The buttery brioche in this kit comes straight from New York City's Balthazar Bakery. The bakery uses fine ingredients and traditional methods to create products of uncommon character. We think it's the best!
DID YOU KNOW?
Bread pudding was conceived as a way to use up stale, crusty loaves. Historically it was served with caramel or rum sauce, but we prefer simpler versions like this one.
Halfway through baking, check the pudding to make sure all of the bread is still soaked in liquid. If not, use a spatula to press it down gently, being careful not to force any liquid out on the sides.
BAKING PAN ADVICE
Not sure what type of baking dish to use? Once you’ve cut up the brioche, try fitting the pieces into a dish -- they should fit snugly. Make sure your dish is at least 2 inches deep to accommodate for the custard liquid.
Wow, you’ve got some beautiful ingredients! Once you’ve unpacked your Red Velvet kit, let butter come to room temperature. Preheat oven to 350°F. Slice the brioche into 1-inch thick slices with a serrated bread knife.

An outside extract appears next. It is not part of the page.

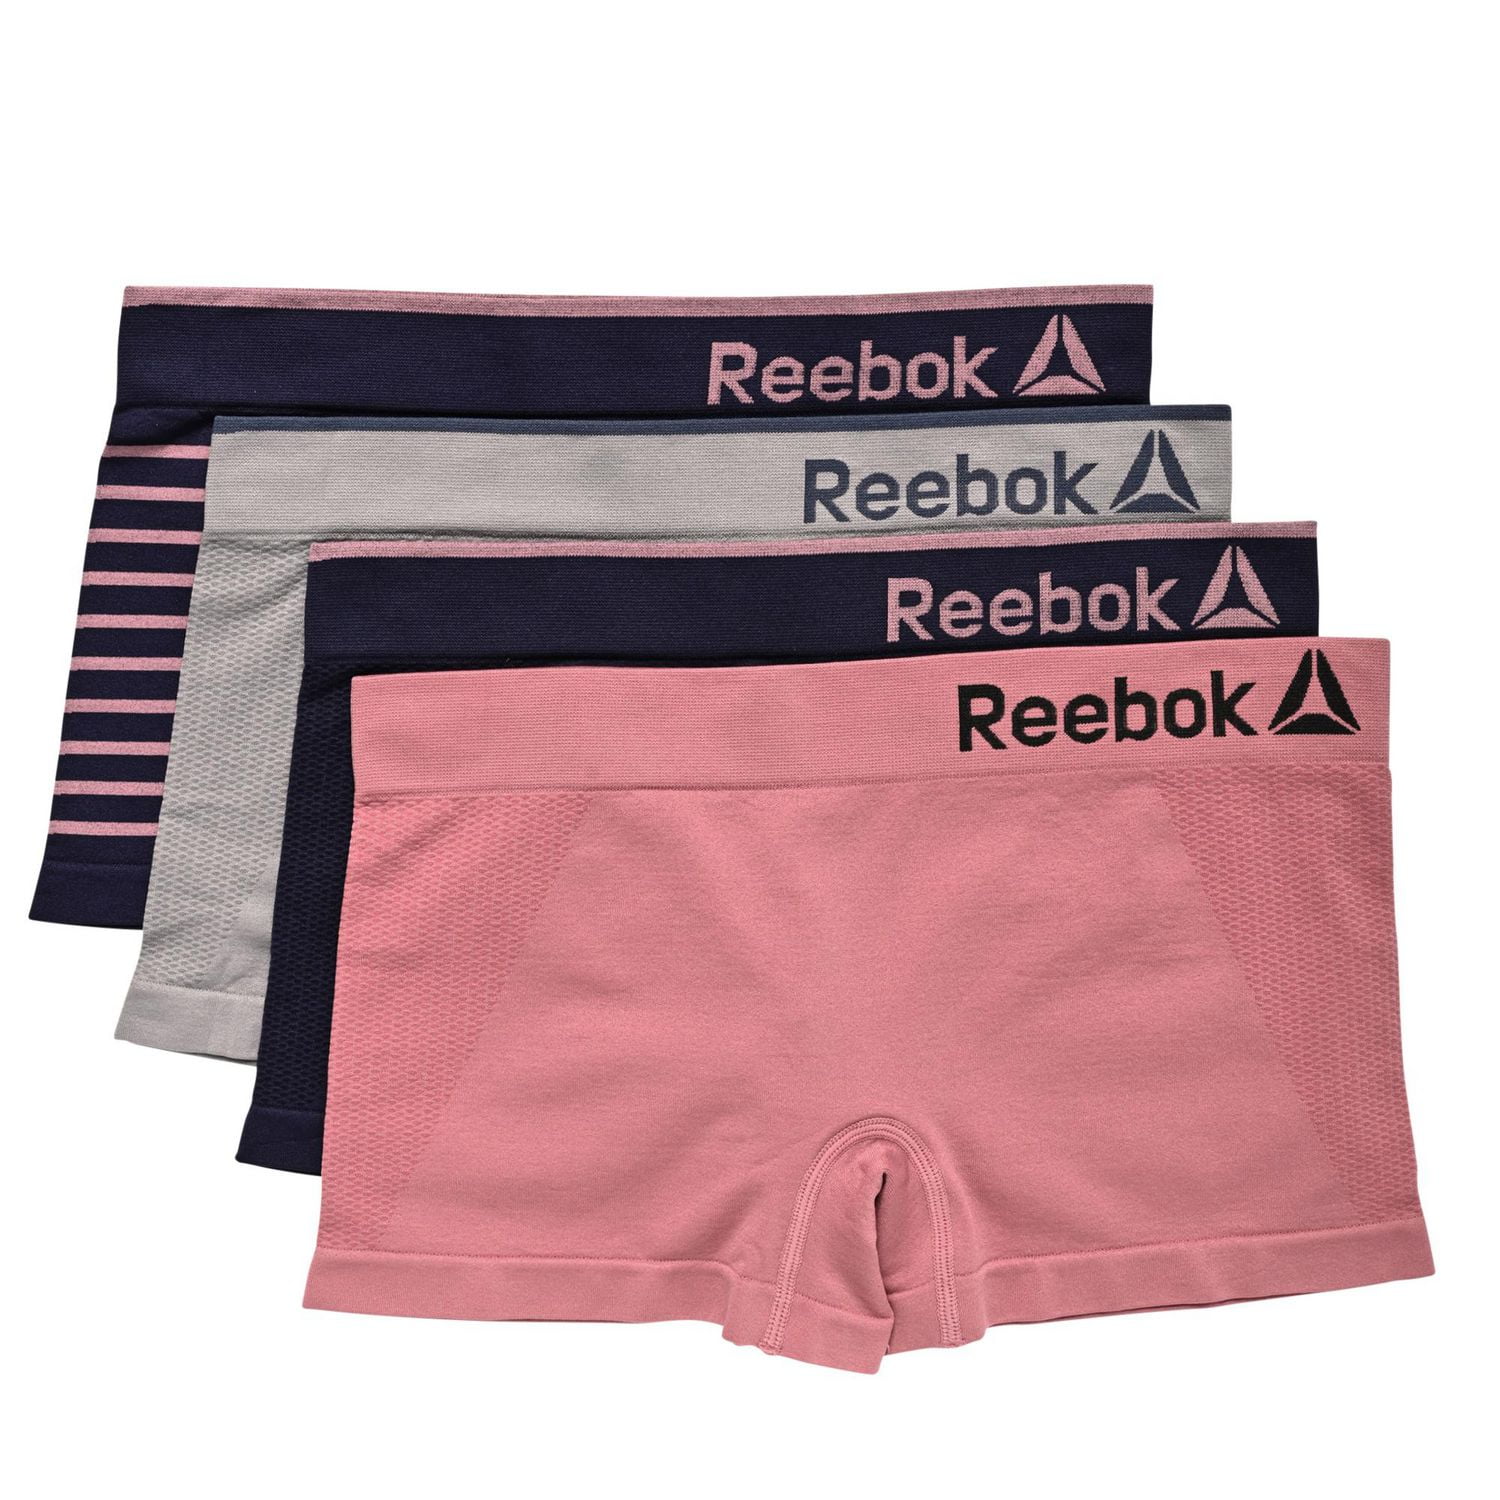 Reebok Women's Underwear Briefs - Clothing

Spread the softened butter on one side of each brioche slice. Cut each slice into 4 even quarters. In two small bowls, separate 2 eggs into whites and yolks; set yolks aside to use in step 3, and save whites for another culinary adventure (perfect for an egg white omelette!).

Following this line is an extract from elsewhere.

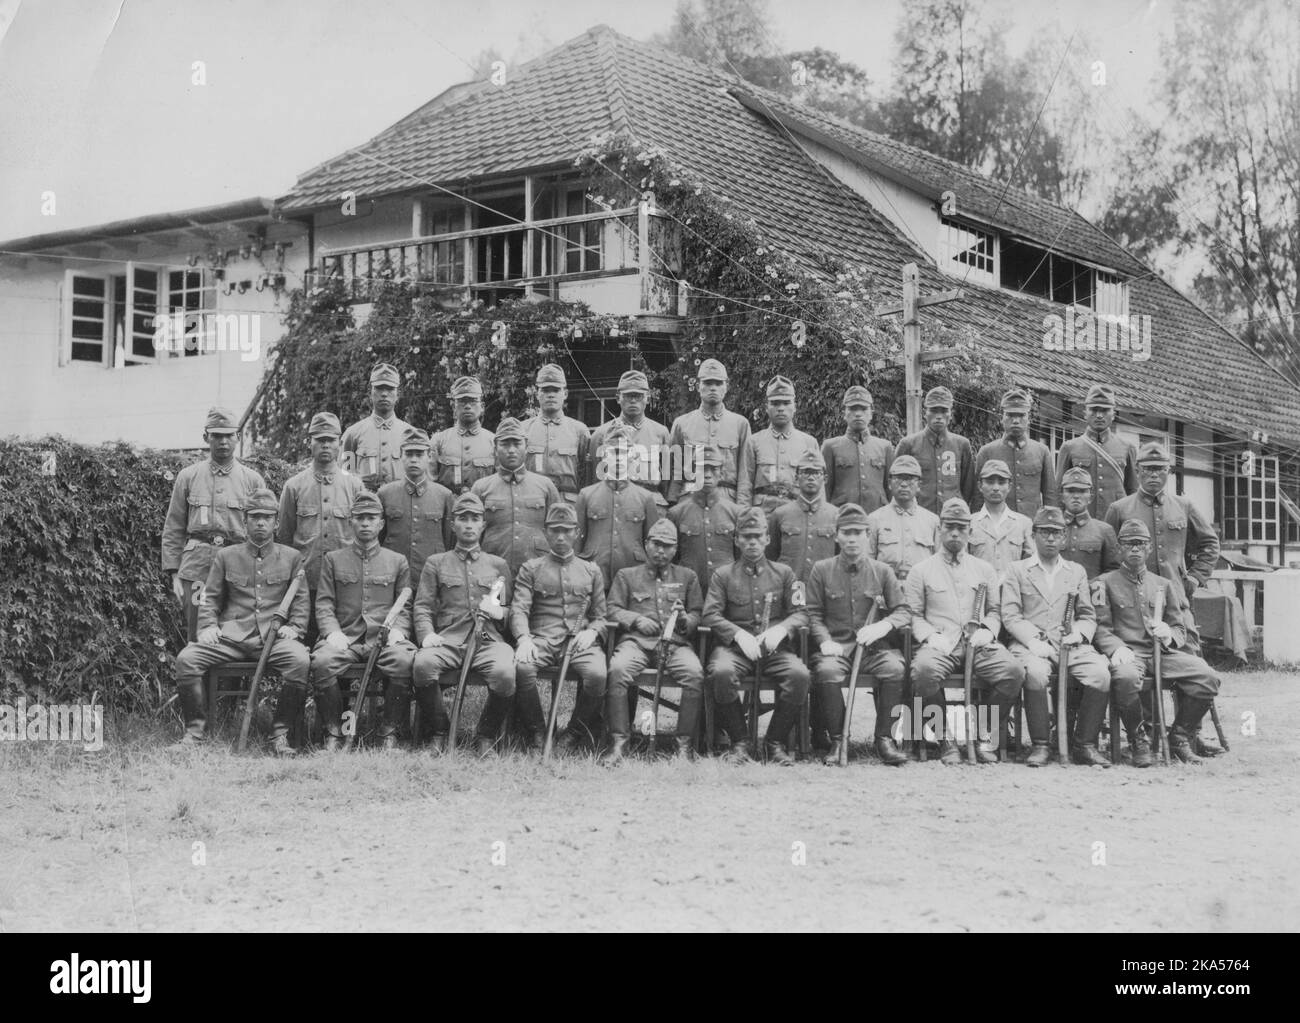 Guerre du Pacifique, 1941-1945. Le cadre du régiment d'infanterie de l'Armée impériale japonaise 230th photographié à Sumatra, Indes néerlandaises, 1942. Le commandant du régiment, le colonel Shoji, est assis au centre de la première rangée. Élevé à Shizuoka à la fin des années 1930, le 230th Infantry Regiment a vu sa première action en Chine. Avec le déclenchement de la guerre du Pacifique en décembre 1941, le régiment a participé à la bataille de Hong Kong, suivie de l'invasion des Indes néerlandaises de l'est, et plus tard de la campagne Guadalcanal où ils allaient subir de lourdes pertes avant de se retirer de l'île. Banque D'Images

In a large bowl, whisk together the 3 remaining whole eggs, egg yolks, and brown sugar. Add the cream, milk, vanilla, cinnamon, and salt, whisking to combine the custard well.
Sprinkle half the chocolate over the bottom of your baking dish (9-inch round or comparable). Arrange the brioche on the bed of chocolate. With the buttered side facing up, arrange the brioche slices so that they overlap slightly.
Pour the custard over the bread, ensuring the liquid has covered each piece of bread. Gently press any pieces of bread down with your fingers, to make sure the maximum liquid has been soaked up. Tuck the remaining chocolate throughout the holes between slices, and place a few pieces on top.
Place the baking dish in a roasting pan. Pour warm water into the pan to come halfway up the sides of the baking dish. Bake about 1 hour and 15 minutes, until the custard is set. You will notice the bread puff up slightly, and the edges will have all browned. Let cool at least 10 minutes before serving.